The economy remains in a slow state of recovery, small business lending is restricted, and hiring and business growth are stunted. However, it may be uncertainty over future taxes that prompts many small businesses to close their doors in 2012, according to a new analysis.
Reuters recently spoke with several business owners who are struggling to sell their companies before the year’s end. The most prominent reason many owners cited for selling revolved around potential tax increases and changes to estate and gift tax law
that are expected to occur in 2013. Michael Butler, CEO of privately-owned investment bank Cascadia Capital, said his company is experiencing significantly higher call volumes from small business owners who are interested in selling before the year’s end.
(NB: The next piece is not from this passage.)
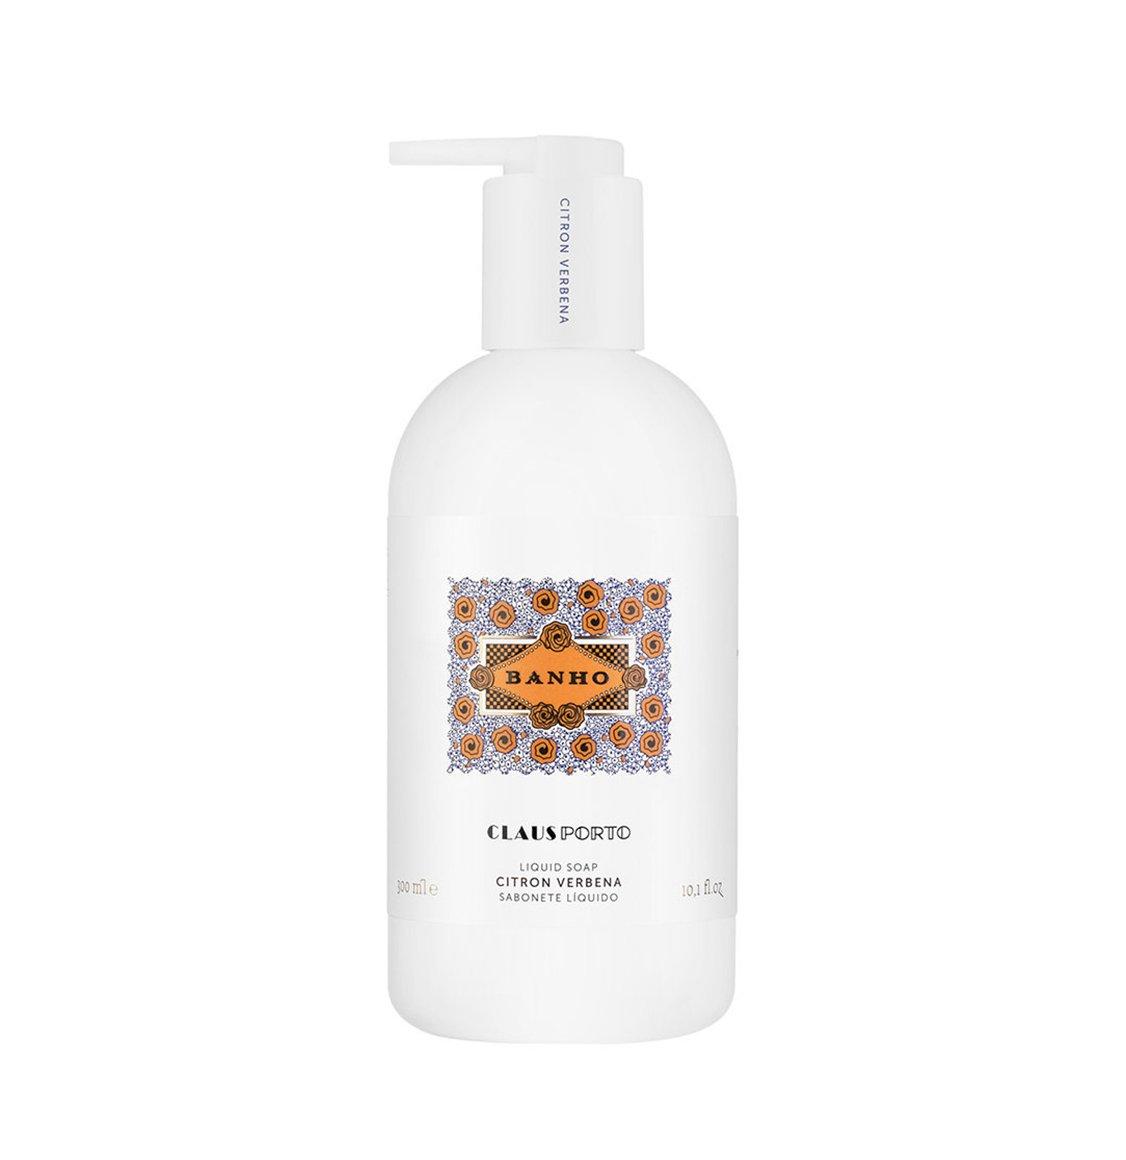 Claus Porto Deco Banho Liquid Soap 300ml

“A lot of people are nervous about the tax situation,” Butler told Reuters. “We’re also seeing a lot of businesses that really went through a tough time in the recession and have now kind of bounced back as survivors. People are saying, ‘Hey, the risk-reward is skewed such that I think I had better just try to sell now than go through another cycle.'”
There are several potential tax issues that are driving many small business decisions. Low capital gains rates, which currently sit at 15 percent, are set to expire and may climb to 20 percent in the future. The favorable tax rules that govern estate and gift taxes are also likely to change if the government does not intervene, making many owners contemplate their business planning and succession strategies.
Lastly, uncertainty over how Medicare and healthcare taxes will impact them in the future is another concern business owners share.